### Records supplied
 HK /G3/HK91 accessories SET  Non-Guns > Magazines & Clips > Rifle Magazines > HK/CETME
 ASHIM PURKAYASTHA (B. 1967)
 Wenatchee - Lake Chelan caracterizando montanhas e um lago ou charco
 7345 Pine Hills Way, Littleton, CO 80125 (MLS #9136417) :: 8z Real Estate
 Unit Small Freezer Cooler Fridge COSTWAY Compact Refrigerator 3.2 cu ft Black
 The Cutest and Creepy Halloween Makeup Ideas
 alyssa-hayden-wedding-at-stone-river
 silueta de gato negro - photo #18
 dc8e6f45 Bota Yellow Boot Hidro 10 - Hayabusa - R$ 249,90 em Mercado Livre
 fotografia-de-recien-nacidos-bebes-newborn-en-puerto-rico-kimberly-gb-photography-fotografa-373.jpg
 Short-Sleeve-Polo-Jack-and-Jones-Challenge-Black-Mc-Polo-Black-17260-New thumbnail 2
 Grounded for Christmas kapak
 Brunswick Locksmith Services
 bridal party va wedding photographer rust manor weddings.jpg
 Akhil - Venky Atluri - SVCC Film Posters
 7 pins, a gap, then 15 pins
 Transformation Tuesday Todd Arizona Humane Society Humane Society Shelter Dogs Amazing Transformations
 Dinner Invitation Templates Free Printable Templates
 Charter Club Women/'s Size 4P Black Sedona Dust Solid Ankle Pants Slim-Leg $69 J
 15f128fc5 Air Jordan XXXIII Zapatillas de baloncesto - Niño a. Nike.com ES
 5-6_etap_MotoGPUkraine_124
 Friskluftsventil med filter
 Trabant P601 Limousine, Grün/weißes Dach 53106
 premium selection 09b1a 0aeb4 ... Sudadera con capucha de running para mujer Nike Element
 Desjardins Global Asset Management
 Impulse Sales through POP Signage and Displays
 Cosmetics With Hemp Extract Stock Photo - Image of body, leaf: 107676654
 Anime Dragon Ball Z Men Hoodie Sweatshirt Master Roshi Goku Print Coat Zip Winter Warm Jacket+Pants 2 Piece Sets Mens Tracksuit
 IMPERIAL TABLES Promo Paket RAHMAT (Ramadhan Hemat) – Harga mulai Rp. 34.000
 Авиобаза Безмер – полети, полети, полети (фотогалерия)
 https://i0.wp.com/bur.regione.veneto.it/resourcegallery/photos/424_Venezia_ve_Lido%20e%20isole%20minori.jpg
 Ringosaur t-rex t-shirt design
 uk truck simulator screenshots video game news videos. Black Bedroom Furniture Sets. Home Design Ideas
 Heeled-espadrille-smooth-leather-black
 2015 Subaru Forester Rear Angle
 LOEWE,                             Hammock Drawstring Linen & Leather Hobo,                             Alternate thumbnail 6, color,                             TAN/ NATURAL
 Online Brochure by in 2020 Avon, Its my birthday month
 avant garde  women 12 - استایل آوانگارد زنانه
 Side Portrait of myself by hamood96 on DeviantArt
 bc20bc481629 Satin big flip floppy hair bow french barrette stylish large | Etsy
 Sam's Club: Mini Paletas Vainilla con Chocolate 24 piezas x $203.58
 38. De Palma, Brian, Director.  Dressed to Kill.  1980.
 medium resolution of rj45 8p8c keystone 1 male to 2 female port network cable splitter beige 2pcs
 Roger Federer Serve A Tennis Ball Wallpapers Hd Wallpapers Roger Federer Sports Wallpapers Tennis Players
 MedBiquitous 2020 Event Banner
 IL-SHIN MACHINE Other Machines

### Your objective
Could you reproduce the lines above, from the one that holds "Heeled-espadrille-smooth-leather-black" through the last, exactly as they stand?

### Answer section
 Heeled-espadrille-smooth-leather-black
 2015 Subaru Forester Rear Angle
 LOEWE,                             Hammock Drawstring Linen & Leather Hobo,                             Alternate thumbnail 6, color,                             TAN/ NATURAL
 Online Brochure by in 2020 Avon, Its my birthday month
 avant garde  women 12 - استایل آوانگارد زنانه
 Side Portrait of myself by hamood96 on DeviantArt
 bc20bc481629 Satin big flip floppy hair bow french barrette stylish large | Etsy
 Sam's Club: Mini Paletas Vainilla con Chocolate 24 piezas x $203.58
 38. De Palma, Brian, Director.  Dressed to Kill.  1980.
 medium resolution of rj45 8p8c keystone 1 male to 2 female port network cable splitter beige 2pcs
 Roger Federer Serve A Tennis Ball Wallpapers Hd Wallpapers Roger Federer Sports Wallpapers Tennis Players
 MedBiquitous 2020 Event Banner
 IL-SHIN MACHINE Other Machines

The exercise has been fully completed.